*Exercise:*
First find the line with "7-Eleven บริษัทแม่ญี่ปุ่น เตรียมขยายสาขาทั่วโลก" in the entries below, then set down exactly every line through the line with "Sleipnir Odin's Steed", that line included.

*Entries supplied:*
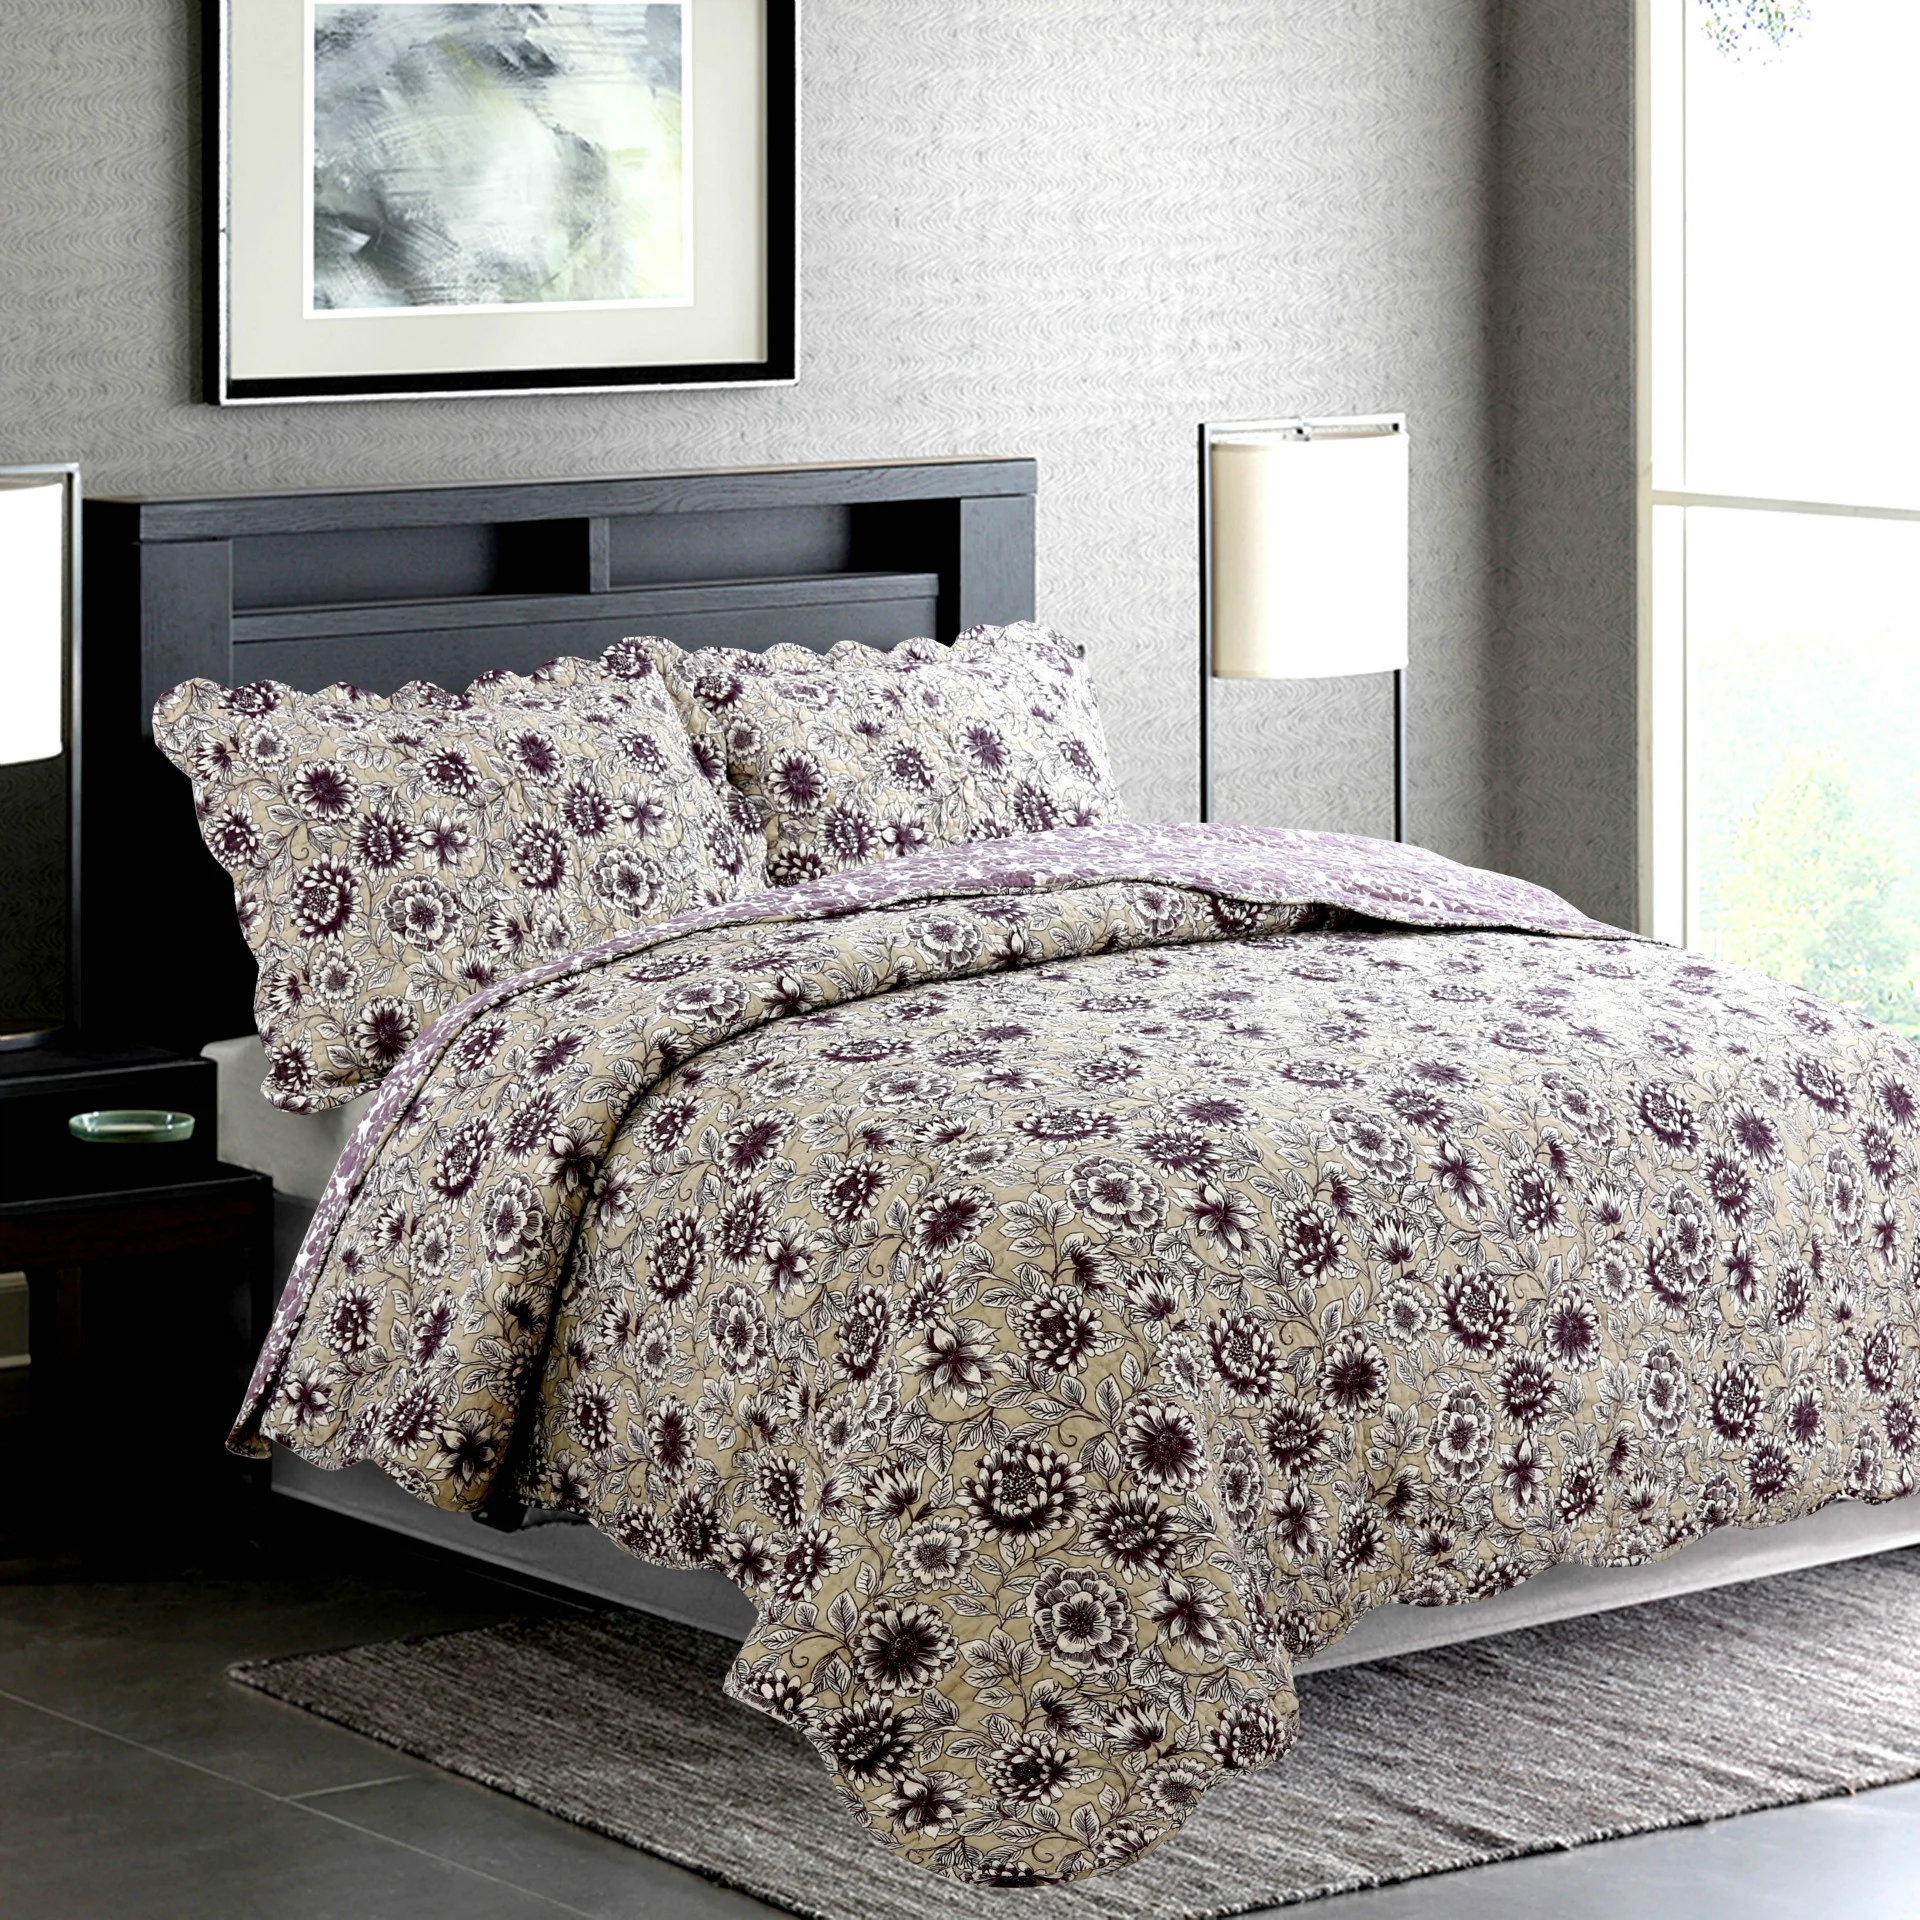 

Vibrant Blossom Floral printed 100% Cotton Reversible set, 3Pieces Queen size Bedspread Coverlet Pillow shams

---

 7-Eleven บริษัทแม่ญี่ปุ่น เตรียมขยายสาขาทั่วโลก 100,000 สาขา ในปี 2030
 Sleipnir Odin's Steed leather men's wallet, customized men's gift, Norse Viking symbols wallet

*Problem solution:*
 7-Eleven บริษัทแม่ญี่ปุ่น เตรียมขยายสาขาทั่วโลก 100,000 สาขา ในปี 2030
 Sleipnir Odin's Steed leather men's wallet, customized men's gift, Norse Viking symbols wallet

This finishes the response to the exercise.